Day camps run for a week at a time, typically a few hours each morning or a full day, at a local field or rec center. The player comes home every night. This is the default for younger kids — most U9 through U13 players do day camps — and it's the lower-cost, lower-commitment option. Day camps are also the easiest to fit around a summer of swim lessons, family trips, and other activities.
Overnight (residential) camps are usually hosted on a college campus and run several days to a week, with players living in dorms. These are aimed at older, more committed players — typically middle school through high school — who want intensive coaching, college exposure, and the independence of being away from home. Residential camps cost more and ask more, but for a high schooler thinking seriously about playing in college, the campus setting and coaching access can be worth it.

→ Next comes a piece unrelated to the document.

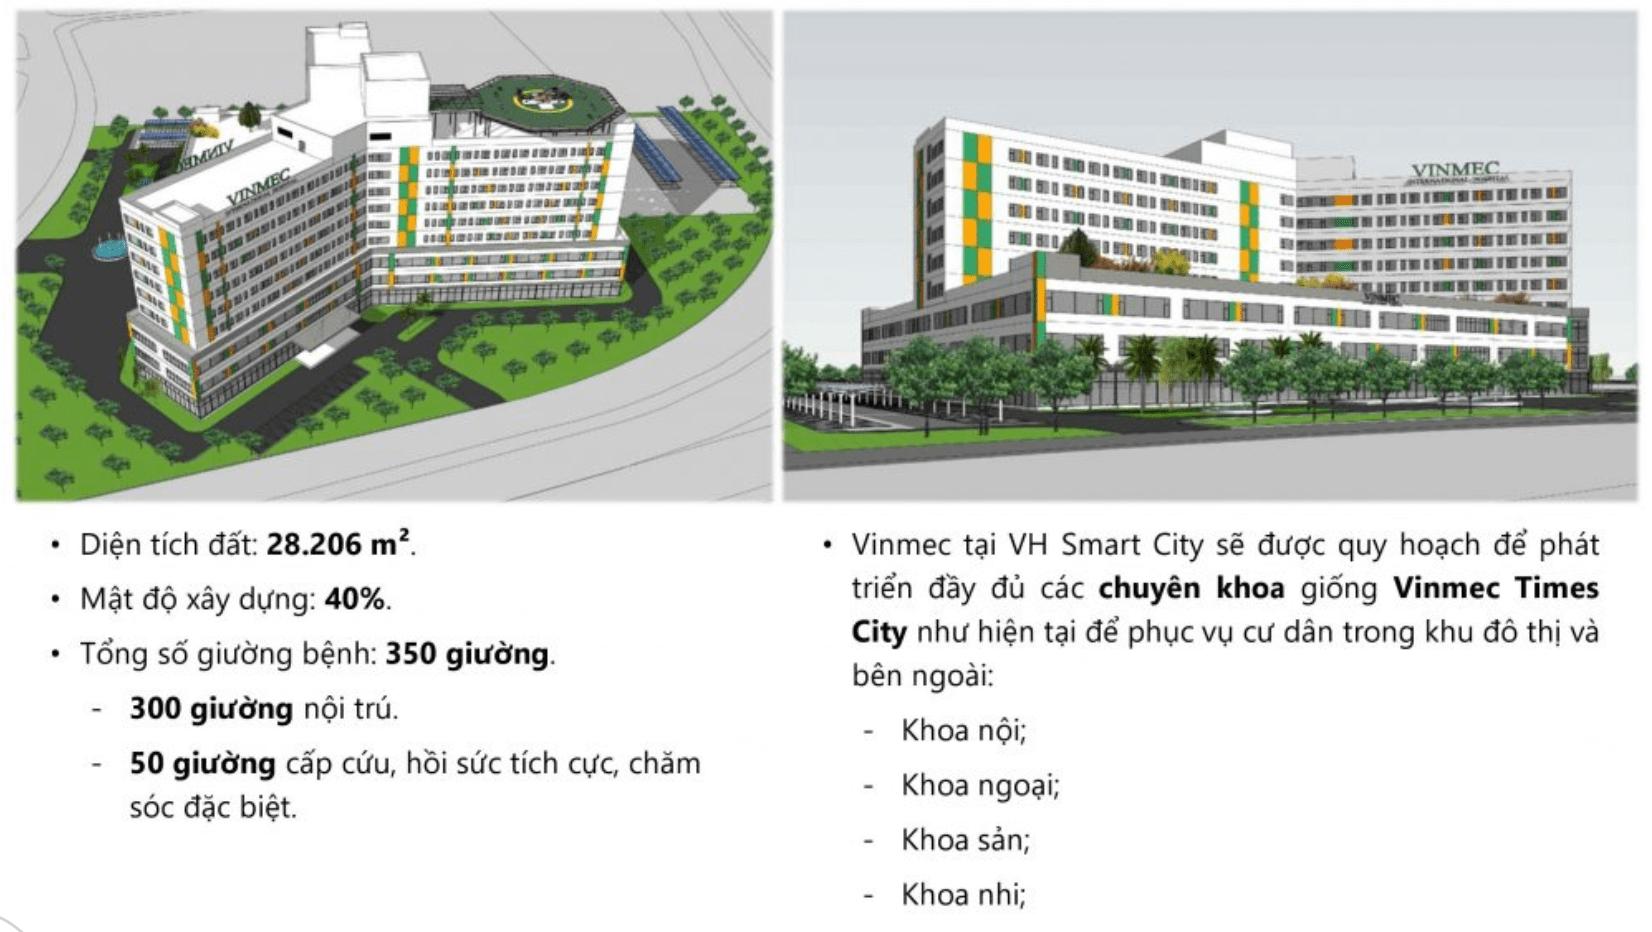 bệnh viện vinmec vinhomes smart city

A useful middle ground is the college-hosted day camp: a clinic run by a college program's coaches that your player commutes to. The Boulder Lacrosse club, for example, has run summer camps in partnership with University of Colorado coaching staff — a chance to train under college-level coaches while still sleeping at home. Watch the club's site for current-year dates.
Age and Level Breakdown
Camps are almost always organized by age band, and matching your player to the right one matters more than the brand name on the t-shirt:
- U9 (ages 6–8): Introductory camps focused on fun, basic stick skills, and learning the rules. Half-day formats are common. The goal is to fall in love with the game, not to drill.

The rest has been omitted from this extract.